**What this task involves:** What the task requires is an exact printout of the listing below, pictures excluded.
--- Source data Enclosed Below ---
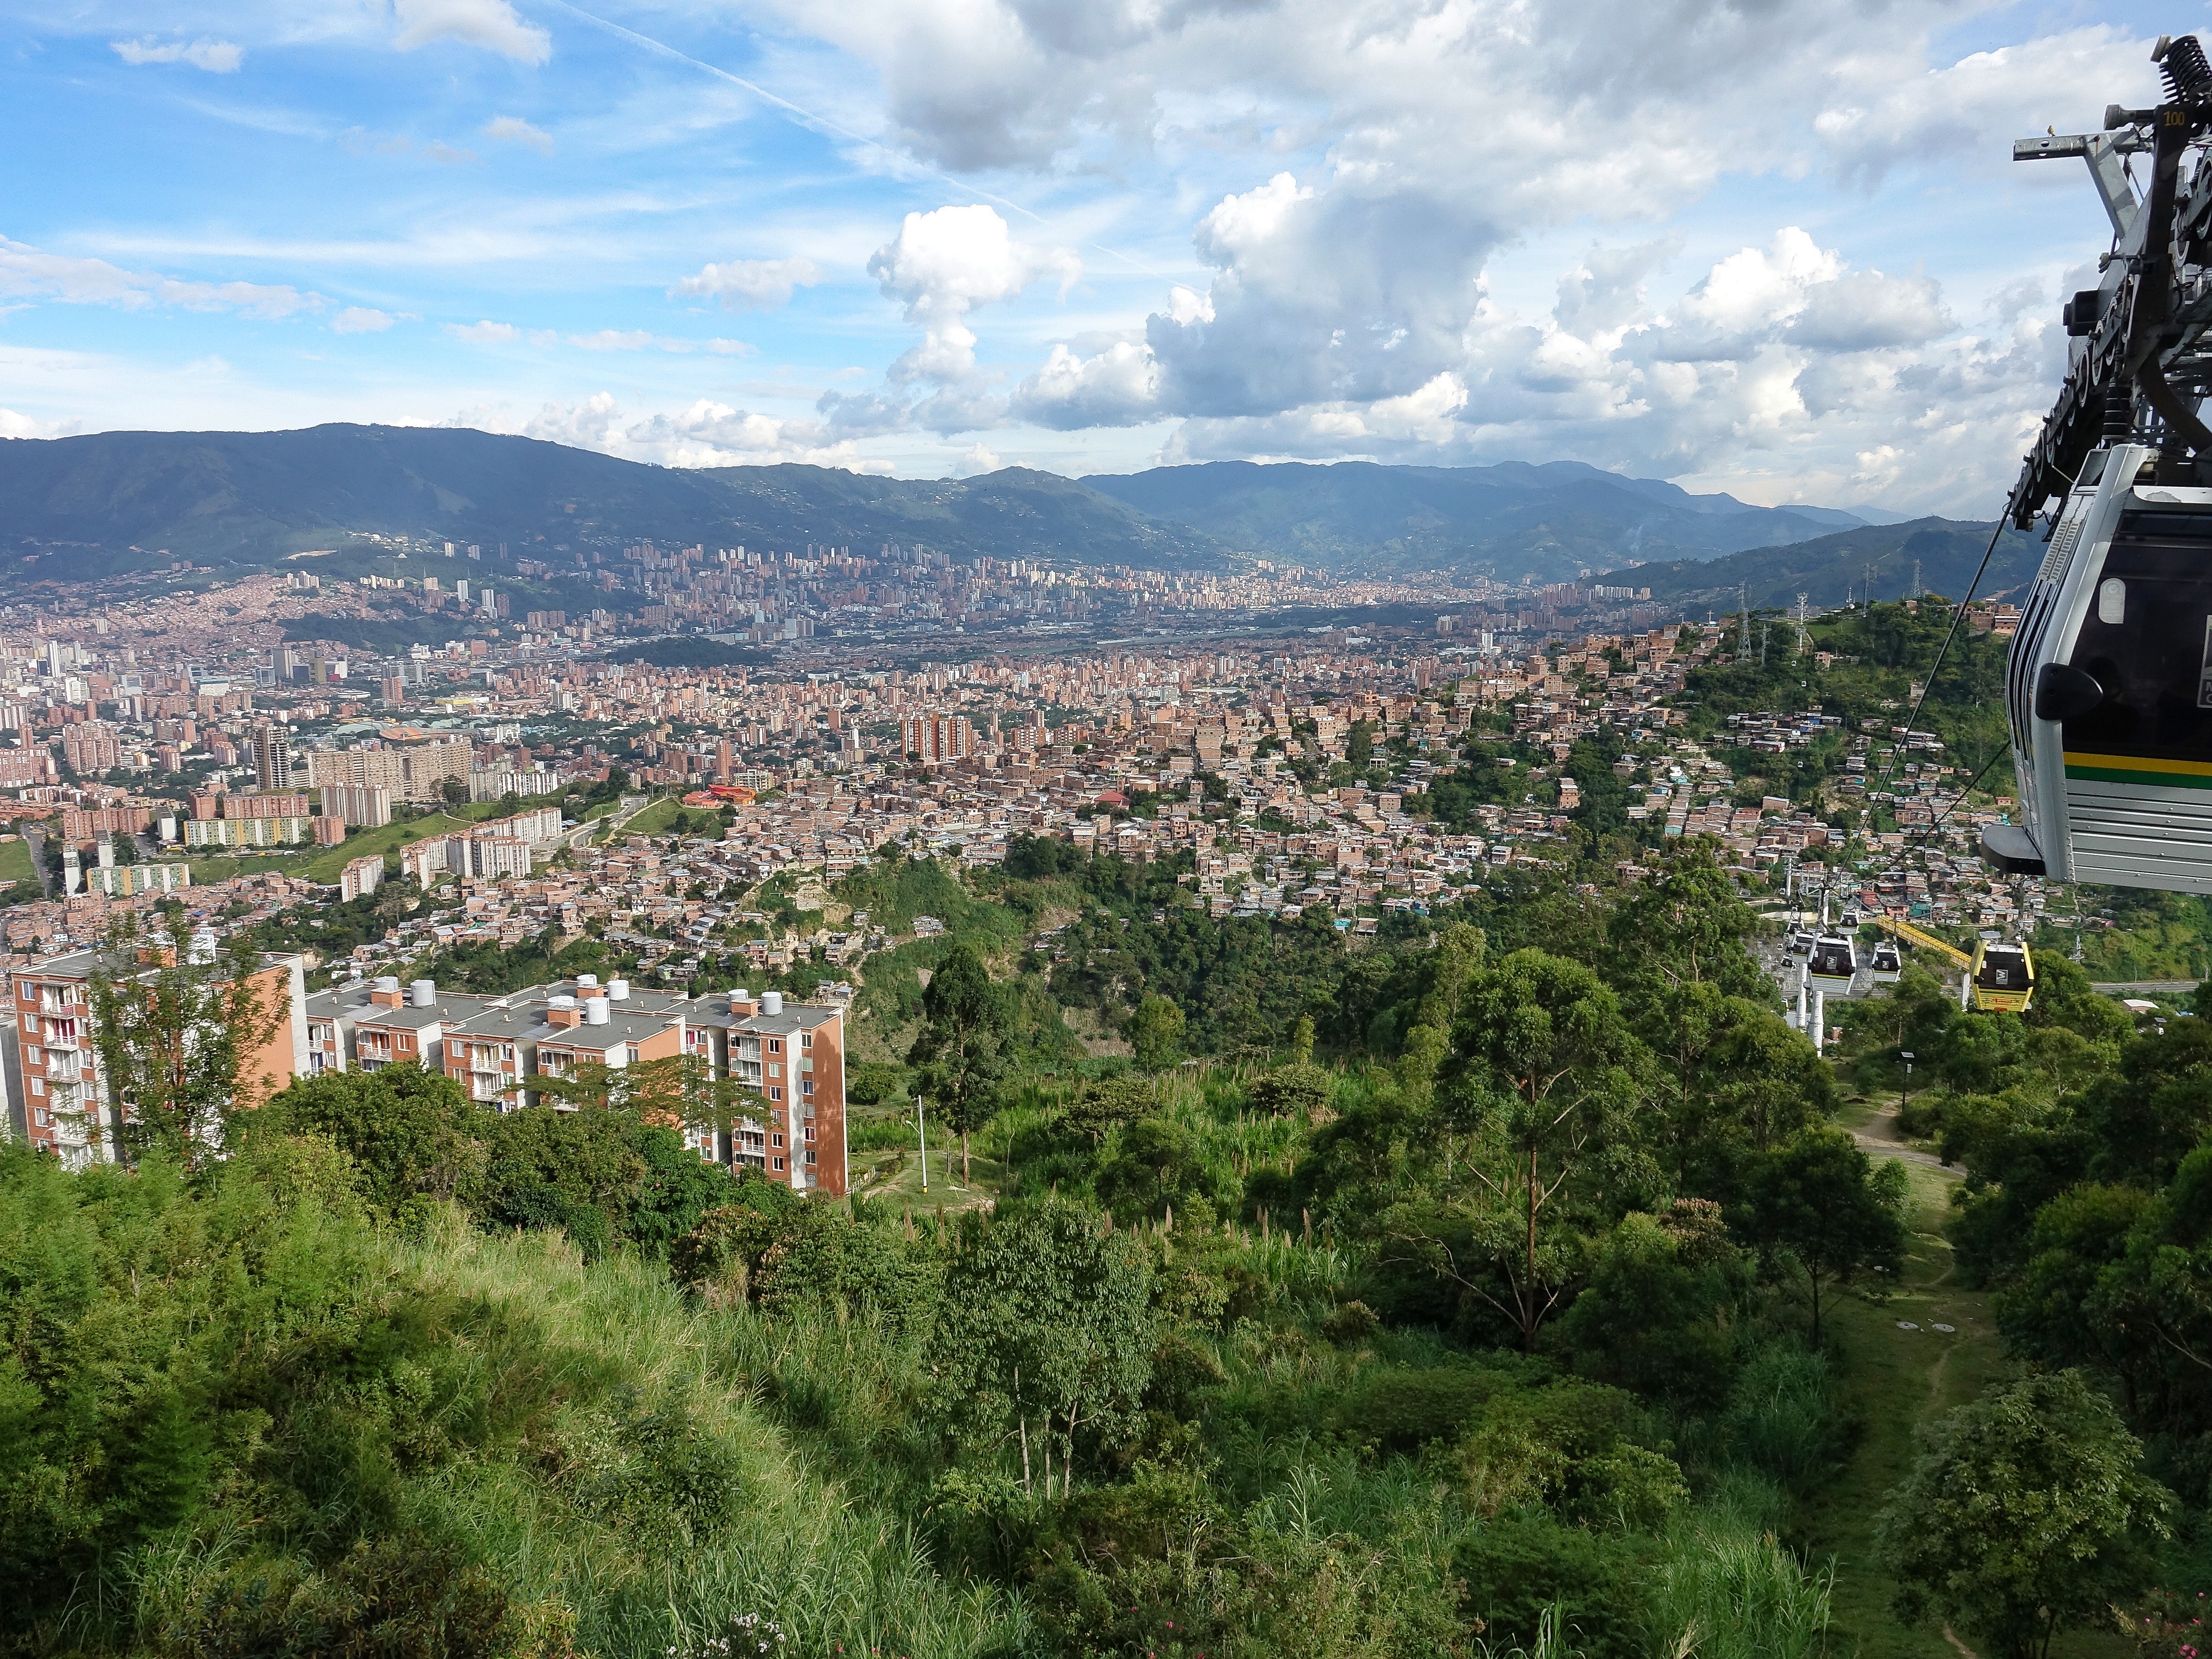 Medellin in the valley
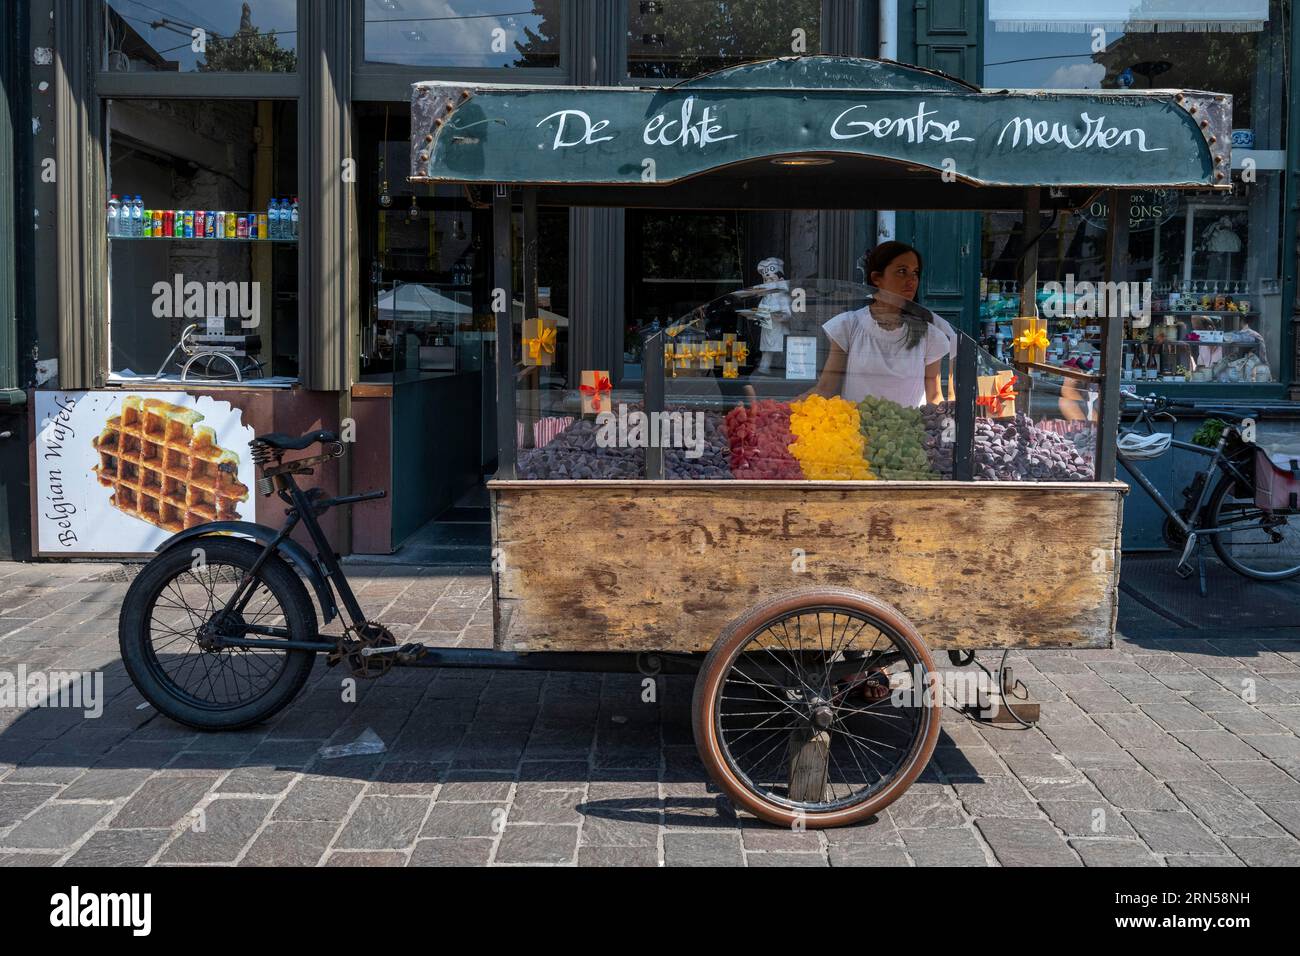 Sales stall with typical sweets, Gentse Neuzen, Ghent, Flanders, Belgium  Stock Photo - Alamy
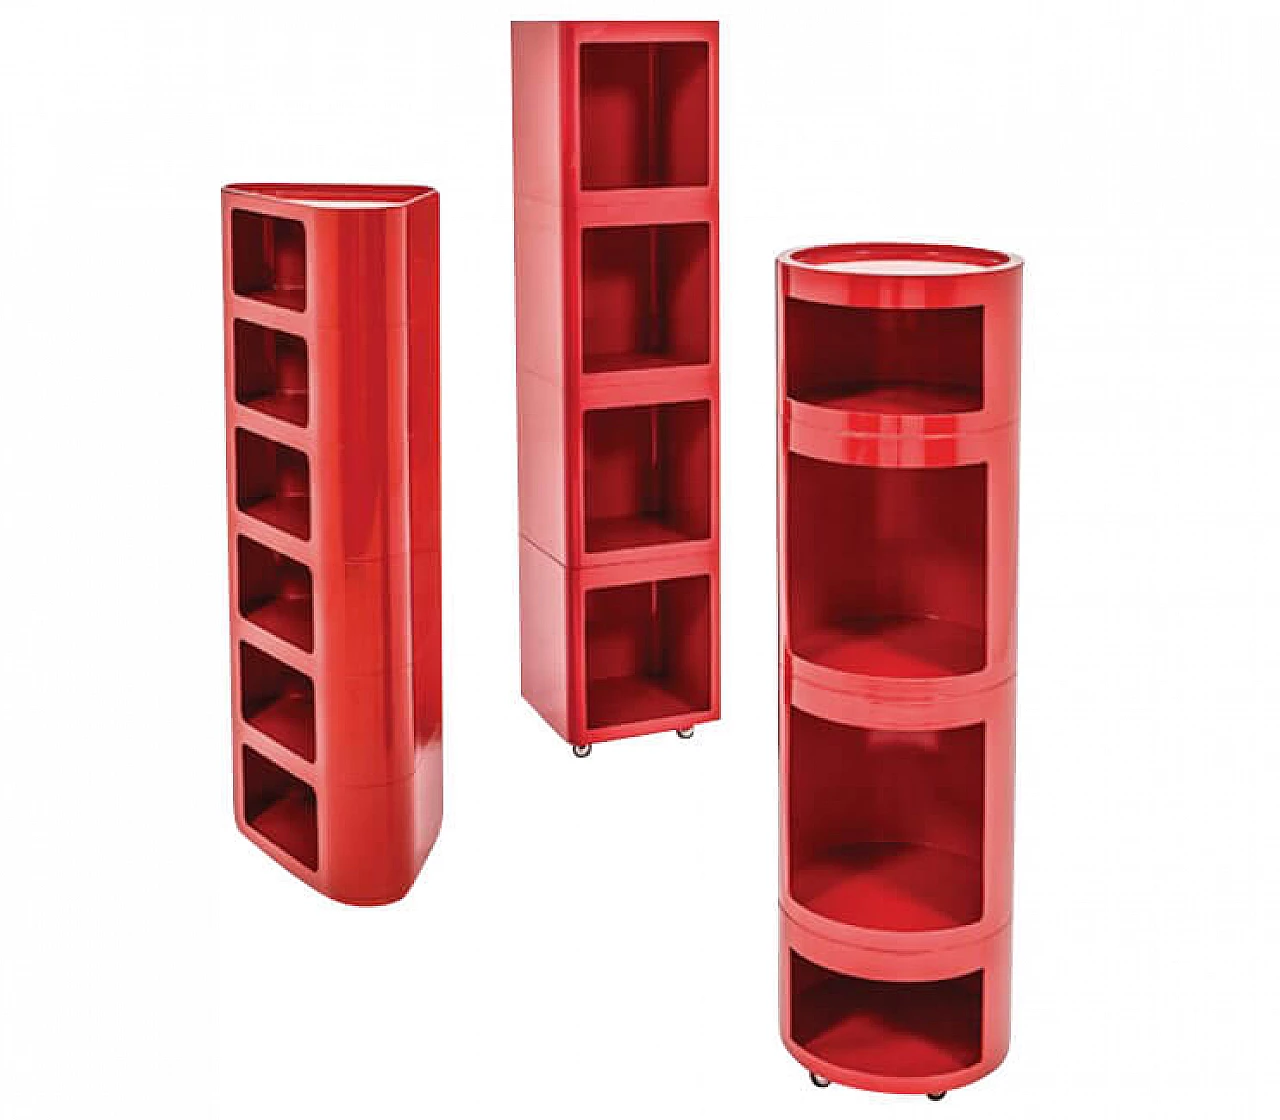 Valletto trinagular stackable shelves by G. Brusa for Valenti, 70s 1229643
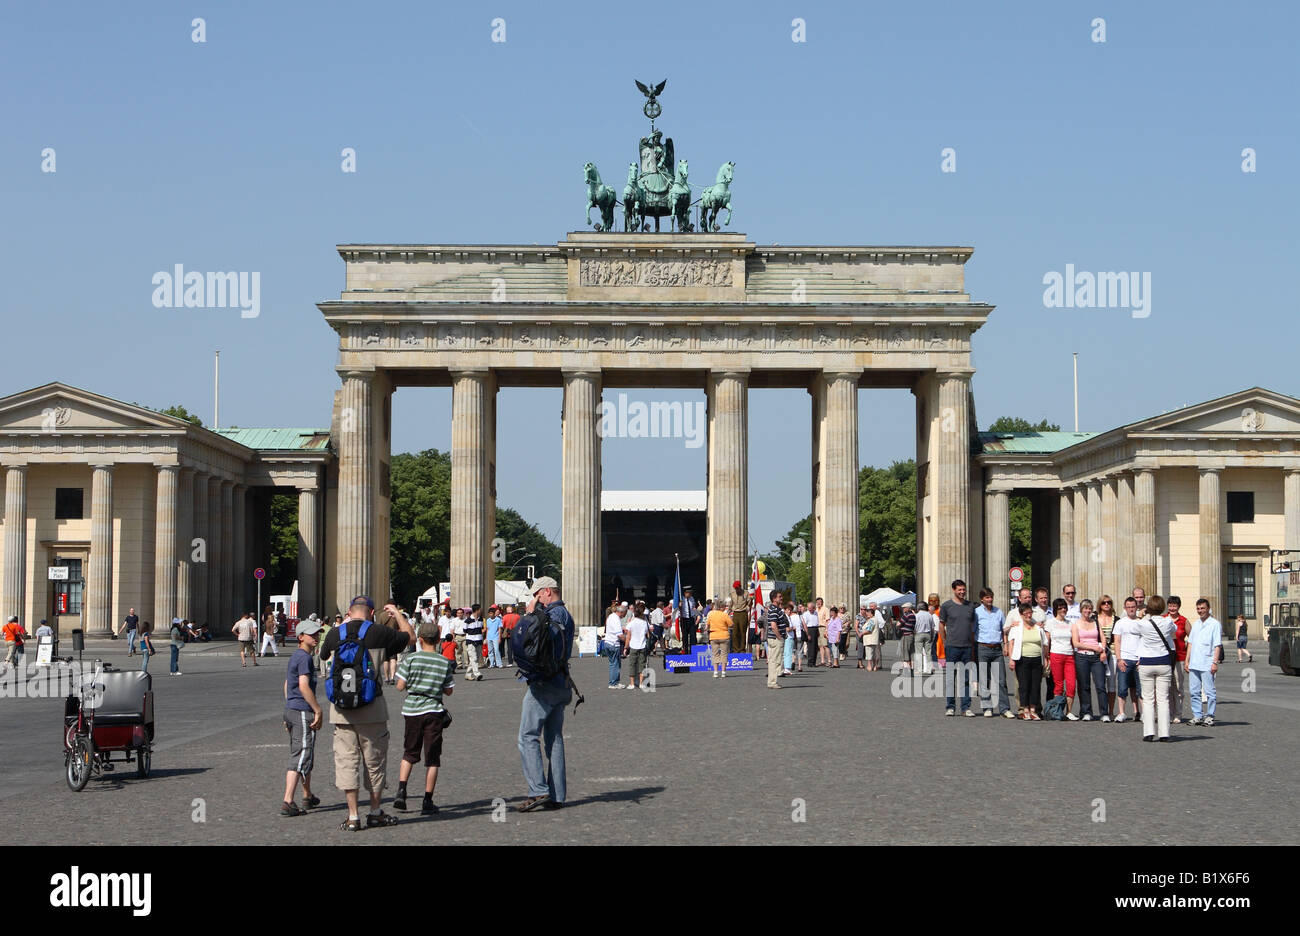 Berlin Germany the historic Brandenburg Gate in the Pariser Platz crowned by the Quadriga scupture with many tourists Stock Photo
--- End of Enclosed Source data ---
**Exercise response:**
 Medellin in the valley
 Sales stall with typical sweets, Gentse Neuzen, Ghent, Flanders, Belgium  Stock Photo - Alamy
 Valletto trinagular stackable shelves by G. Brusa for Valenti, 70s 1229643
 Berlin Germany the historic Brandenburg Gate in the Pariser Platz crowned by the Quadriga scupture with many tourists Stock Photo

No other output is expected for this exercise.